Part of a giant guilt-and-nudge machinery, the Voice told every passenger who cared to listen to go forth and vote on June 1. Seated next to me, four college boys continued to read out passages excitedly from Jay Sekulow’s Rise of ISIS: A Threat We Can’t Ignore, ignoring the messianic message of the Voice From Above.
A woman decked out for an outing in full LBD – Large Black Dress – burqa, impervious to both the Voice and voices discussing Islamic terrorism, follows her husband with their kid in his arms out of the moderately crowded train onto the platform outside. The Voice resumes its incantation once the train starts again.
Life doesn’t just continue during election time, it actually seems to sidestep it, as if elections were an unsavoury, desperate-to-be-stepped-into puddle, from this admittedly underground ‘street’ view. You wouldn’t have guessed that the PM had conducted a road show just the previous evening, with crowds paving the route as if it was Pep Guardiola’s side on a victory bus passing through a Manchester thoroughfare.
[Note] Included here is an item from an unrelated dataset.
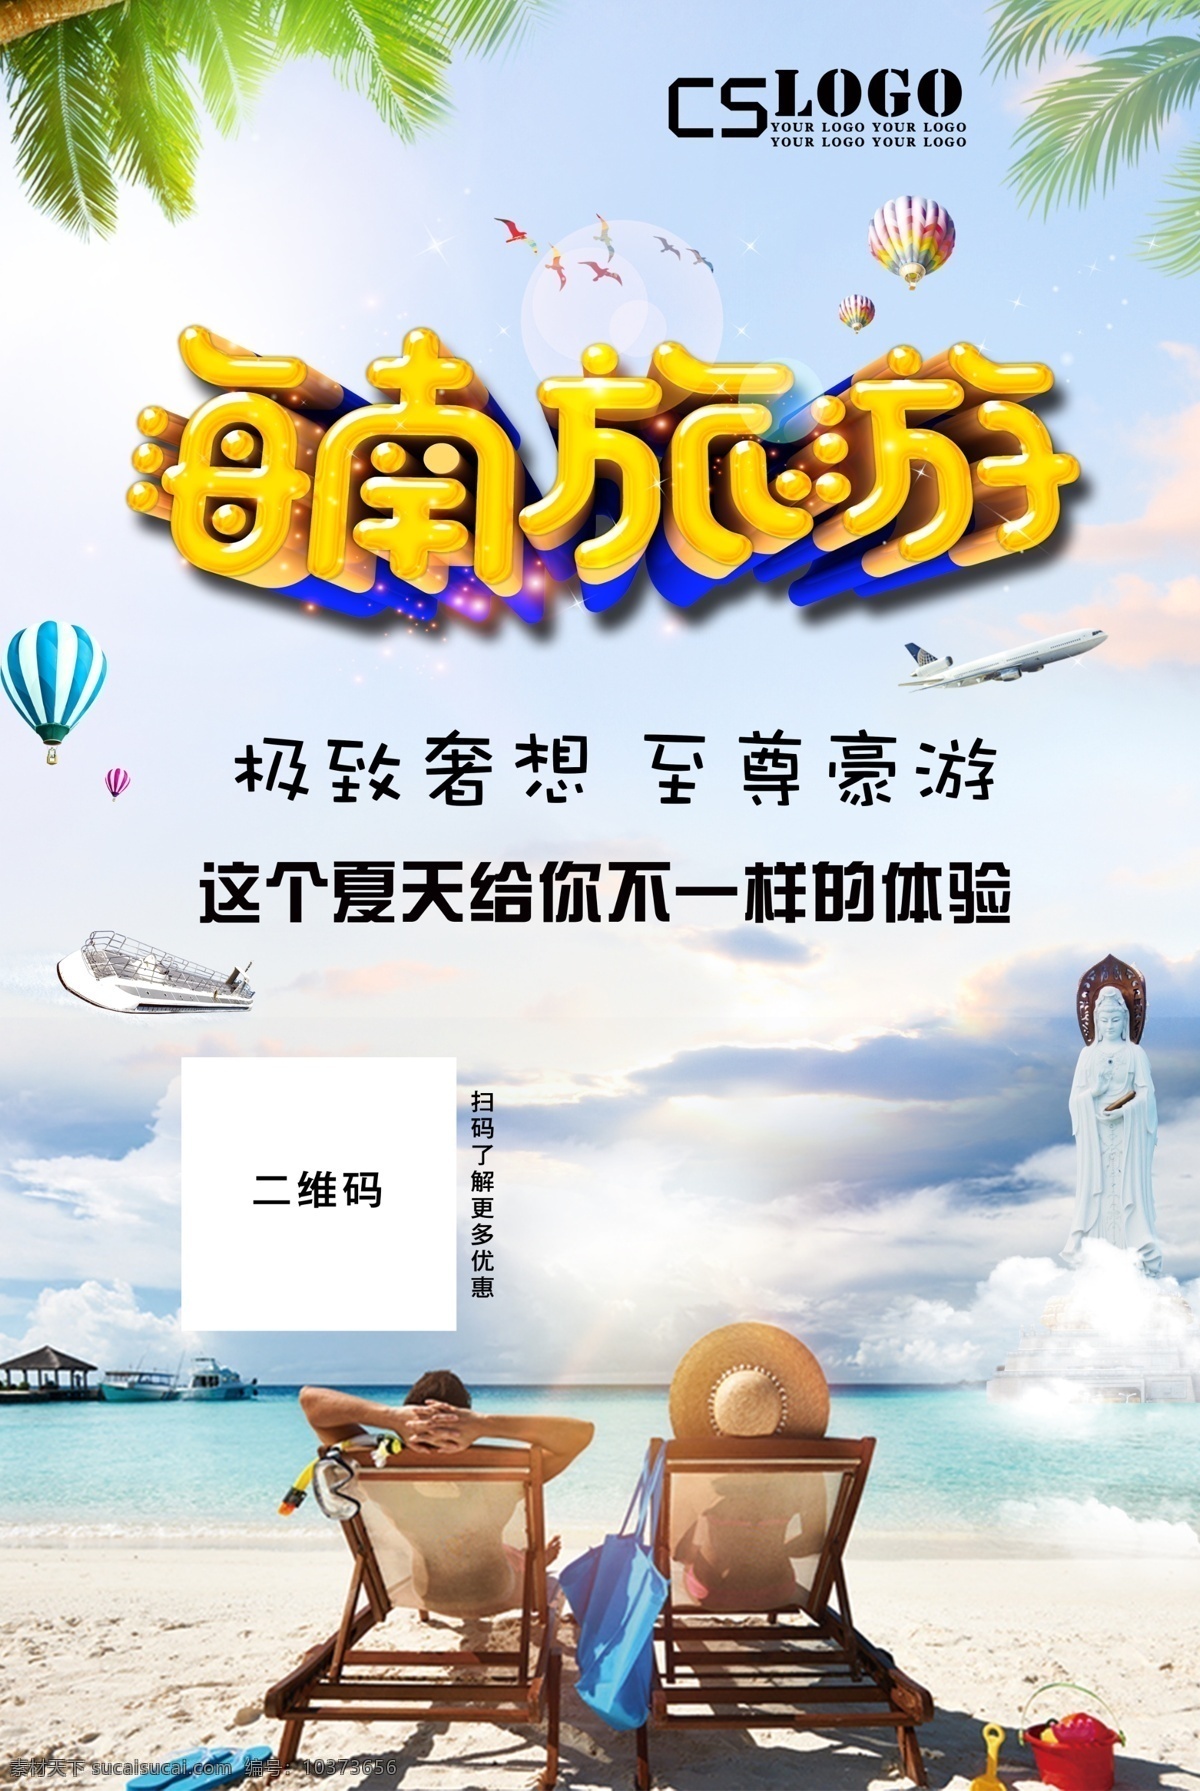 海南 清新 简约 旅游 海报 展板 海边 海岸 促销 酒店 三亚 海南旅游 沙滩风光 夏天 旅游海报设计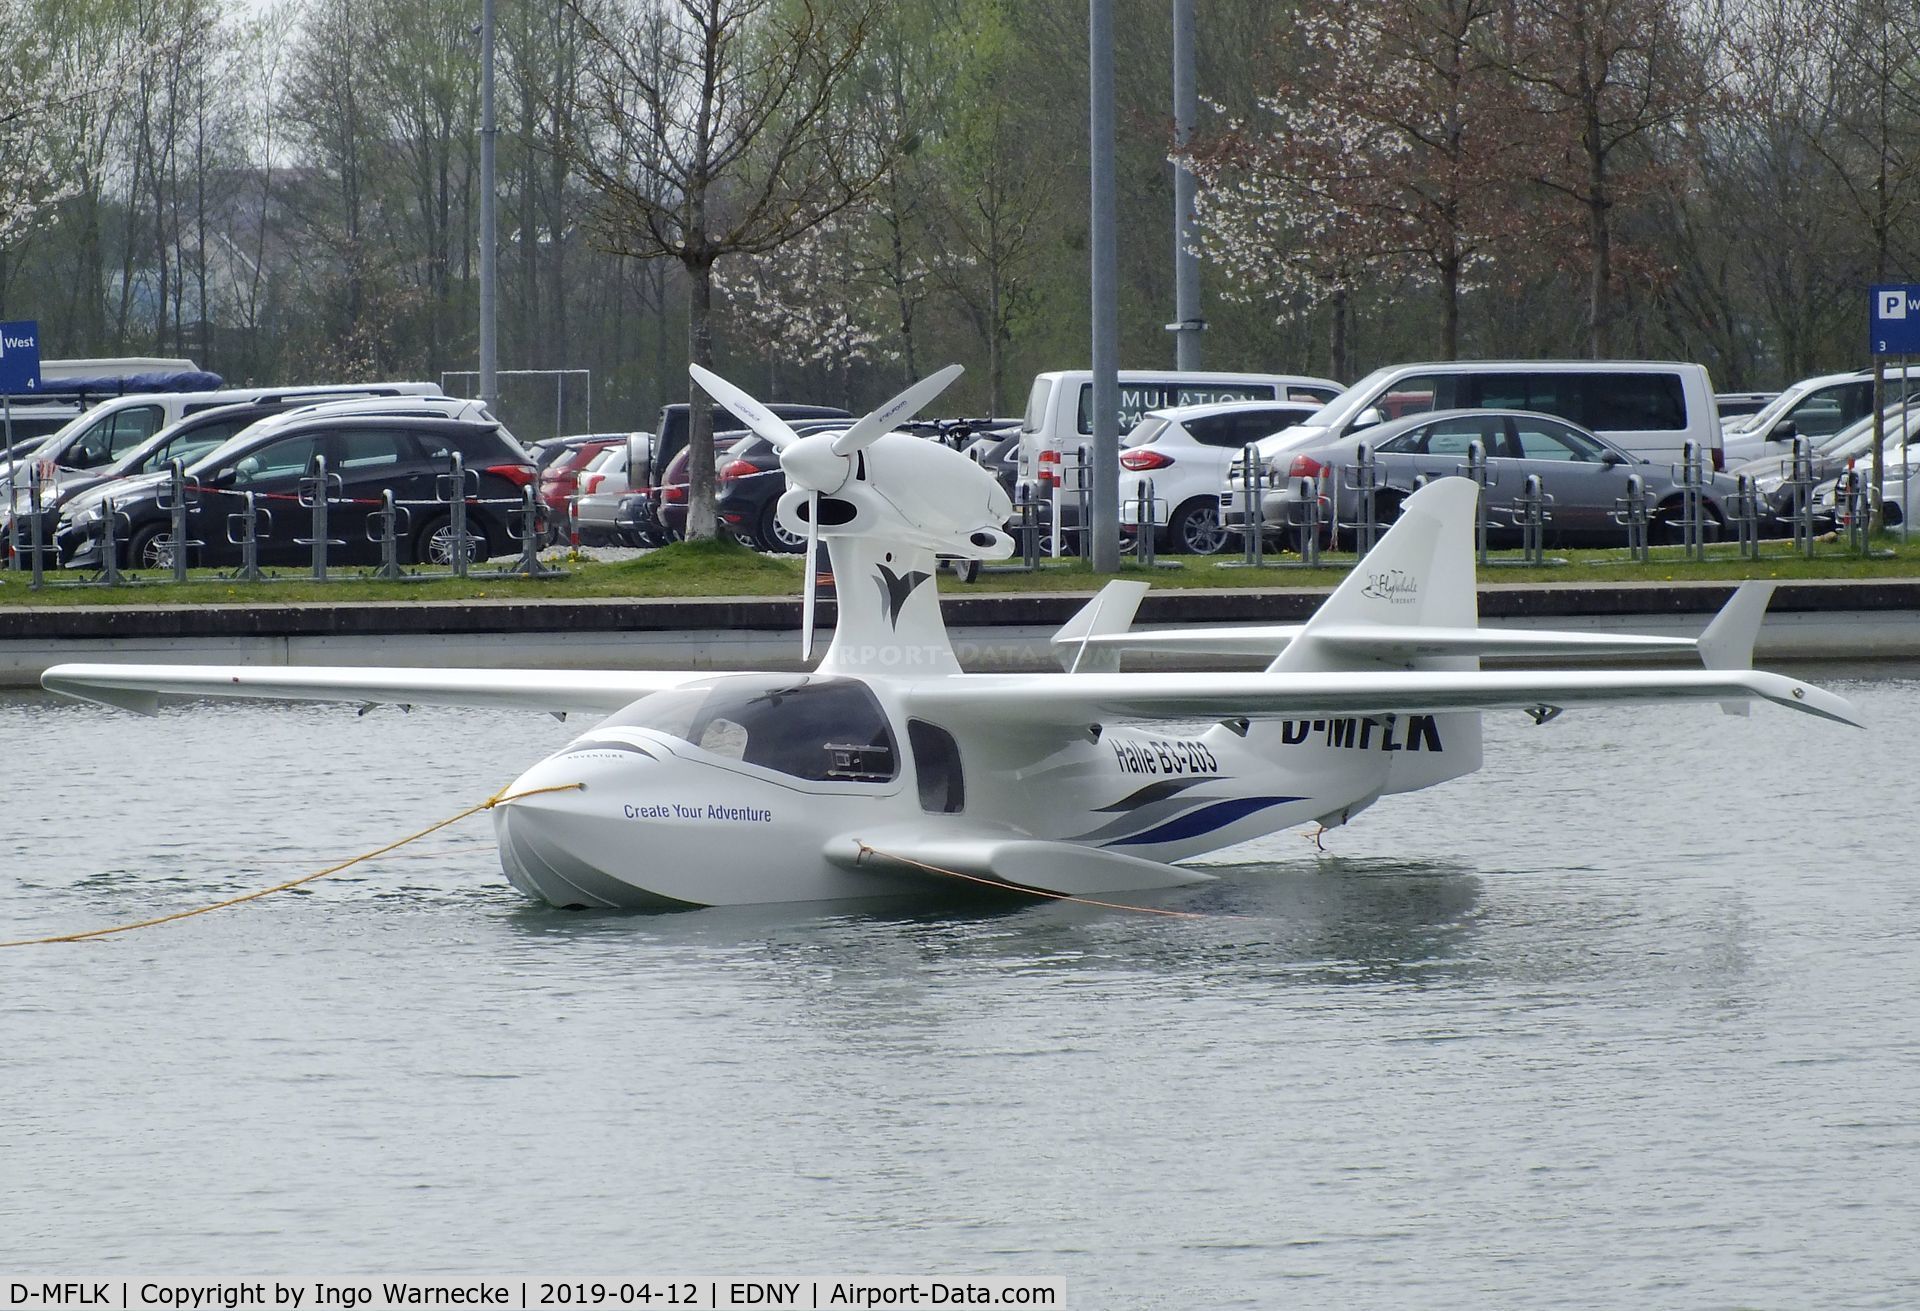 D-MFLK, Flywhale  Aircraft Adventure IS Sport C/N 6, Flywhale Aircraft Adventure iS Sport at the AERO 2019, Friedrichshafen

With this motley Metro crowd, I feel a genuine sense of camaraderie. They can probably all relate to Arthur O’Shaughnessy’s poem that starts with the line, ‘We are the music makers,’ tweaked to the opening stanza: ‘We are the non-voters,/ And we are the dreamers of dreams,/ Wandering by lone sea-breakers,/ And sitting by desolate streams; -/ World-losers and world-forsakers,/ On whom the pale moon gleams:/ Yet we are the movers and shakers/ Of the world for ever, it seems.’
Sitting inside the hurtling train, I imagined all of us free from the hypnotic spell of ‘Vote, or else…’ The non-voters – forever consigned into invisibility in voter turnout news reports by the percentage that did come out to vote – know that their voice counts for squat in what they believe to be an already almost-decided contest. They know that despite all that highfalutin talk about voting being ‘a duty‘ that celebrities roped in by EC drone on about, each vote counts only to buttress a mandate in an unevenly contested match. If elections are a ‘dance of democracy,’ to quote the appropriately titled Beatles song, ‘Helter Skelter’, ‘Well, you may be a lover/ But you ain’t no dancer.’ The non-voter doesn’t fall for the non sequitur of NOTA. What kind of presumptuous gesture is voting for ‘none of the above’? Only the self-righteous – and Lee Falk’s vintage comic book creation, The Phantom – go up to a bar and order a glass of milk.
And unless one is bewitched by a leader and his or her nanobot representatives – or, conversely, repelled by them – why on earth would anyone go out and vote? Well, perhaps for two reasons.
One, if you thought that your vote would matter. Like, somehow magically convince whoever you wanted to win that, say, the Gaza Strip that’s your daily route to work needs repairing. But that won’t happen. Because the candidate and his or her party has already cut an electoral deal with road building/repairing vendors, and footpath hawkers who literally push you out of the pavement onto the road. Since you can vote only once, their numerically stronger votes will count.
Two, if you treat voting like a social event, a pleasant communal (in the sense of local community) gathering like a Diwali mela, or a visit to the polling booth like a single puja pandal hop. But in weather conditions that not just fry eggs if you crack them open, but make them perfectly scrambled? No, thanks. There’s no shame in saying that discomfort – from heat, crowds, hassle, general feeling towards today’s electoral politics – is a valid reason enough for you to forego your vote. Duty is for the pliant, not just the compliant.
For all bona fide non-voters, there are better ways of virtue-signalling than flashing the (inked) finger on social media. If they’re tax payers – and it’s absolutely legal to not vote – not turning up to cast ‘your voice’ is a perfectly legitimate expression in a democracy. Your non-vote is your silent mutter.